Dicono anche che Michela Fiori si fosse rivolta ad un centro antiviolenza. Infatti l’uomo aveva già mostrato un lato violento, perché, dicono, aveva derubato un figlio del cellulare per chiedere il riscatto di 300 (?!?) euro alla madre. Dicono che lei l’avesse denunciato alla polizia, ma la procura e la polizia negano di avere raccolto una denuncia. Dicono allora che la donna non avesse denunciato perché bonariamente non credeva all’irreparabile. Ma dicono poi invece che temesse per la sua vita. A chi credere? Ora, non esiste un centro antiviolenza lì vicino ad Alghero. Così si scopre che non di un centro antiviolenza si trattava ma di un “punto di ascolto”. Scopriamo però che tale punto di ascolto era stato aperto il 25 novembre 2018, appena 15 giorni prima dei fatti. Michela Fiori, quale operatrice di assistenza domiciliare, frequentava gli ambienti dell’amministrazione comunale e conosceva probabilmente l’assessore alle politiche sociali Lalla Cavazzuti. D’altronde Alghero è una cittadina di 40.000 abitanti. L’assessore aveva sposato l’idea di aprire il centro unitamente a Gabriella Esposito, assessore con delega a Istruzione e cultura e Ornella Piras, assessore allo sviluppo economico e delle attività produttive. Alla sua apertura in pompa magna, il 25 novembre, erano presenti anche le consigliere comunali Giusy Piccone (gruppo per Alghero), Franca Carta (Gruppo democratici per Alghero) ed Elisabetta Boglioli, la quota rosa dell’amministrazione comunale al completo. Tutti non appartenenti all’area governativa nazionale, essendo tendenzialmente la Regione Sardegna ancorata alla passata politica governativa.

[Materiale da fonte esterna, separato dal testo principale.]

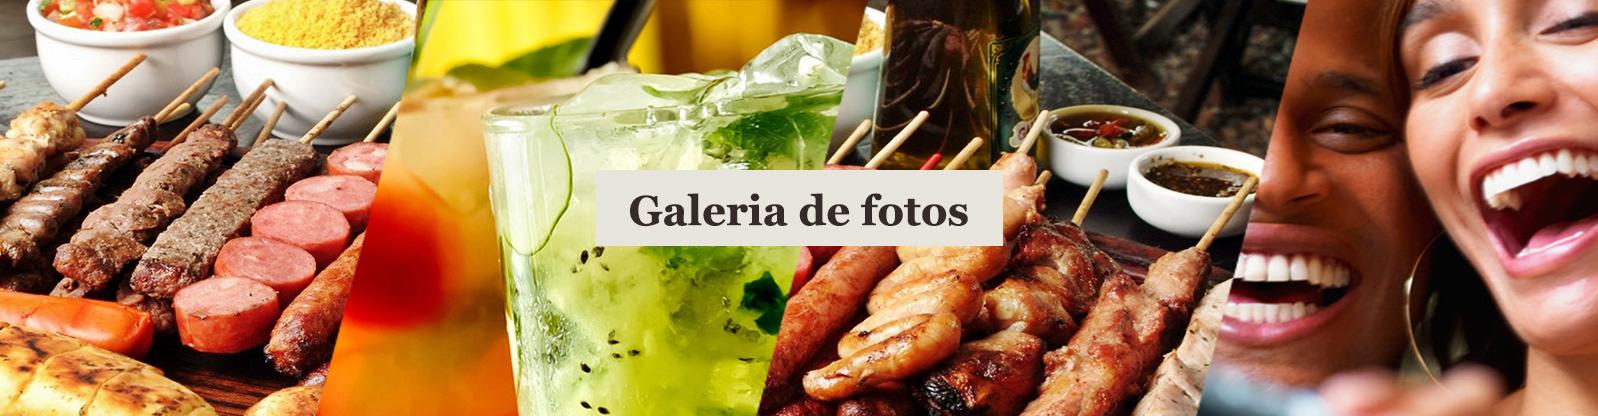 galeria-de-fotos-reino-do-churrasco

A me sembra più probabile che Michela Fiori avesse più semplicemente detto, nel suo ambito, come si stesse separando, con l’esasperazione che accompagna tante simili situazioni. Ma sui media è passata la versione più utile a mostrare quale collegamento diretto ed efficiente esista tra il rivolgersi ad un centro antiviolenza e il rischio di “femminicidio”. Che non è stato affatto evitato, come non sono stati evitati altri simili delitti, ancorché di numero statisticamente inferiore in Italia su scala mondiale, dai 50.000 ricorsi di donne ai centri antiviolenza vantati in questo paese dalle associazioni come D.i.Re. Solo in Dicembre 2018 altri tre “femminicidi” o tentati “femminicidi”. Ma non sono state evitate simili o più orride tragedie neanche quando attuate dal genere opposto. E non solo di “maschicidi” si tratta, tanto per sgombrare il campo dal sospetto che si faccia a chi conta più morti. La storia tragica di Catania e del bambino di tre mesi sbattuto per terra e ucciso da sua madre, una ragazza di ventisei anni, secondo le accuse e le notizie fin qui disponibili, annerisce ancora di più la cronaca già nera. Il nome completo della donna viene per lo più oscurato dai media, così come nel caso della madre detenuta che lancia i due figli nel vuoto a Rebibbia. Tornano in mente, per involontarie associazioni di sangue, vicende collaterali già cristallizzate, mentre questa è ancora da chiarire. Veronica Panarello condannata per l’omicidio di Loris. Giusy Savattaassolta dall’accusa di avere ucciso volontariamente, perché dichiarata incapace di intendere e di volere, dopo lo strazio delle sue figlie. Diverse le storie. Senza fondo il dolore che segue. Valentina, l’infanticida di Catania, era una ragazza-madre che rifiutava il padre di suo figlio ma stranamente lo ha evocato prima di uccidere il figlio.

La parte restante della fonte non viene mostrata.